Now you know the back story… and my insanity. I wanted to pay tribute to the creatures who keep me sane, drive me crazy sometimes, teach unconditional love and forgiveness, are always there when I need a friendly face and have given me a reason to get up everyday. 3 Portraits of my dogs went up on my arm this past Sunday, 1/4 sleeve, shoulder to elbow. It was bigger than I intended for clarity and detail. Once I make a decision I run with it. I forget about what other people will think or maybe I don’t care, or maybe I just think I don’t care. After some comments like “oh wow”, not “OH WOW that’s awesome!”, more like “oh wow you are a moron”. Tone- It’s an important thing. And “are those your dogs?” No moron cashier, I just picked some random floating dog heads to drop a bunch of cash on. But my favorite so far is the “oh let me see it!” and the awkward silence and nodding that follows. They are good tattoos, they are good portraits and it’s not done yet.

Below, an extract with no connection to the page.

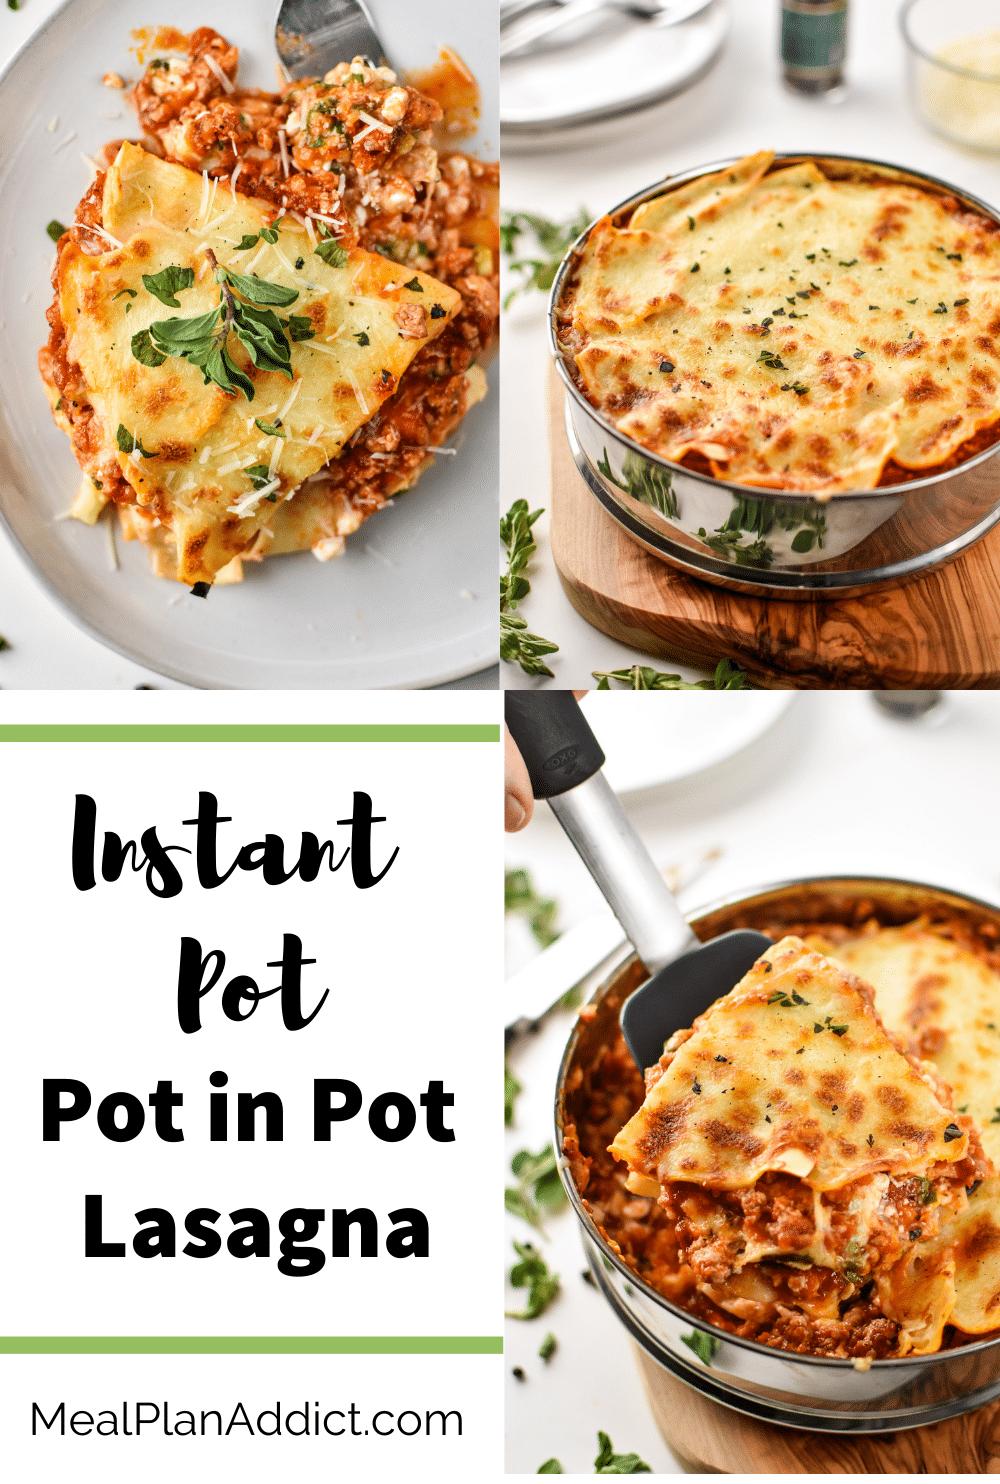 Instant Pot Lasagna {Pot in Pot method}
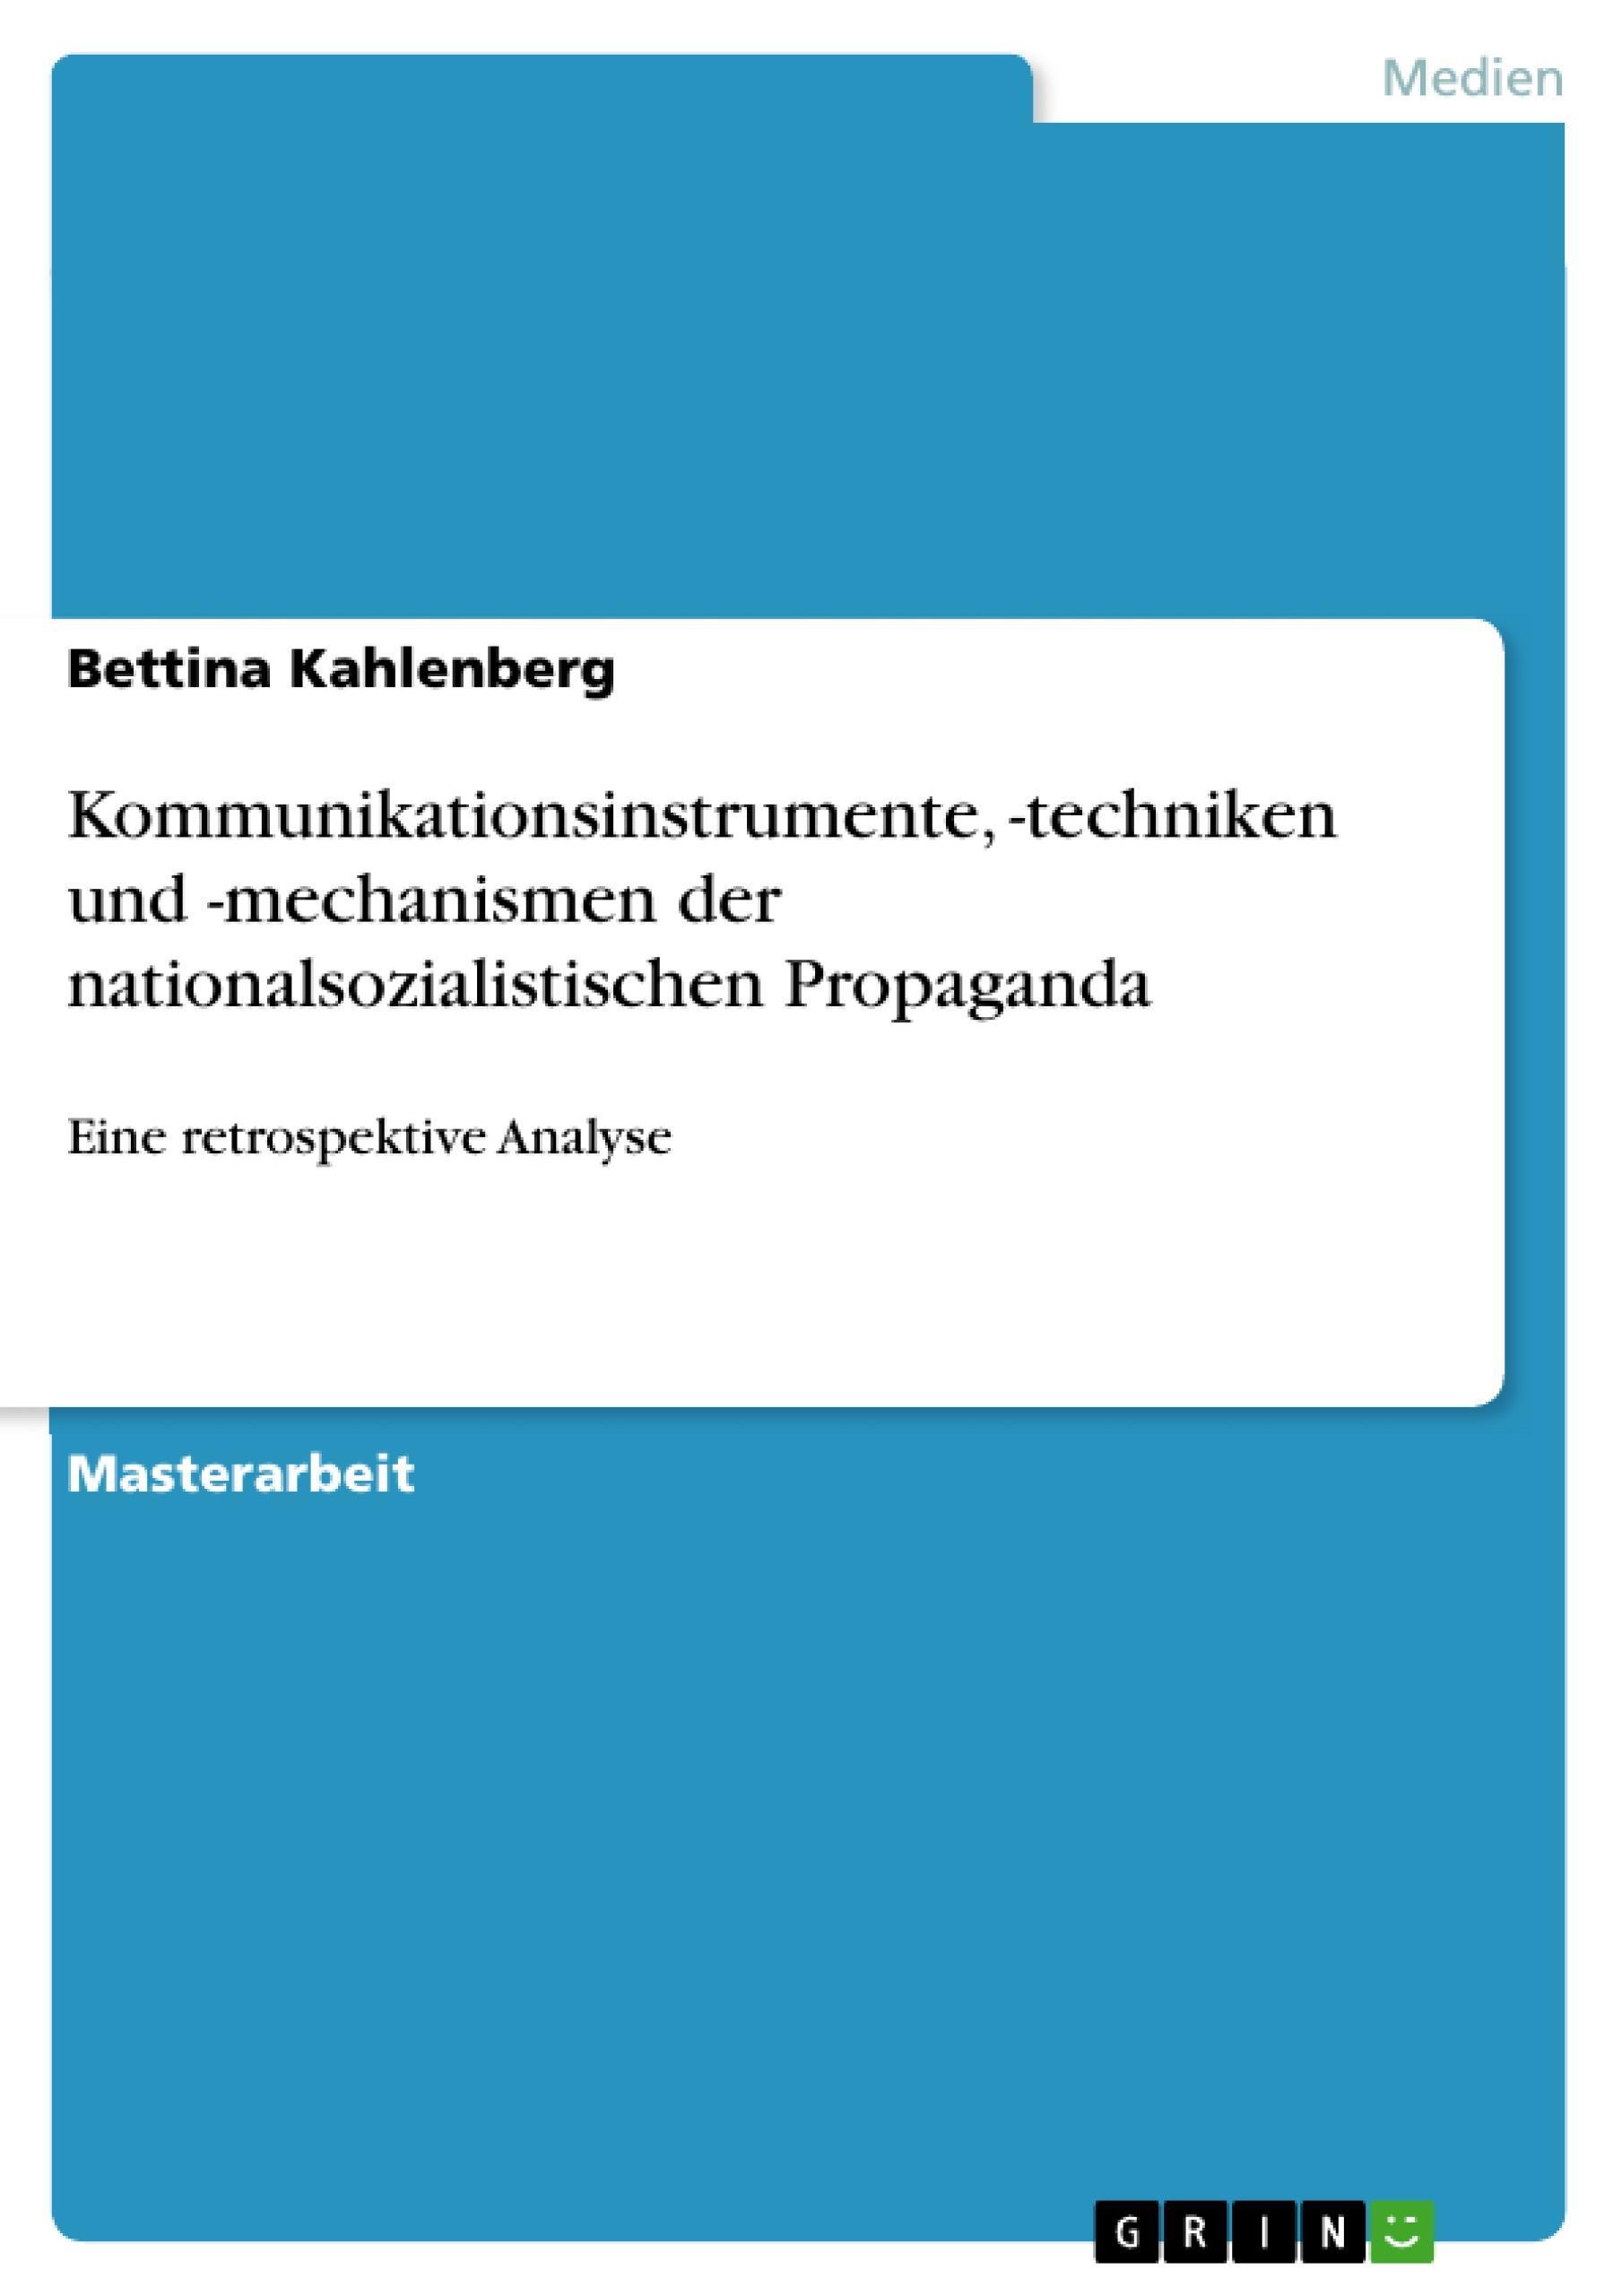 Kommunikationsinstrumente, -techniken und -mechanismen der nationalsozialis ...

Tattoos use to be taboo, only sailors and inmates had them. I know more people who have at least one tattoo then people who have none. Yes I’ll still have a job, and yes I can still get another job. If an employer doesn’t like it then maybe that’s not the place that’s right for me, and if I really have to they make these things called long sleeve shirts. At the end of the day I get to take my babies with me everywhere. Marvin is always with me and now I can look down and see his face. I guess I don’t care if you like, just ignore it if you don’t agree with it. When it’s filled in it will be a piece of living art and a tribute to the things that mean the most to me.
Everyone has stuff they do that is questionable or regrettable but I don’t regret any of my tattoos, they each tell a story of a time in my life and come with a memory.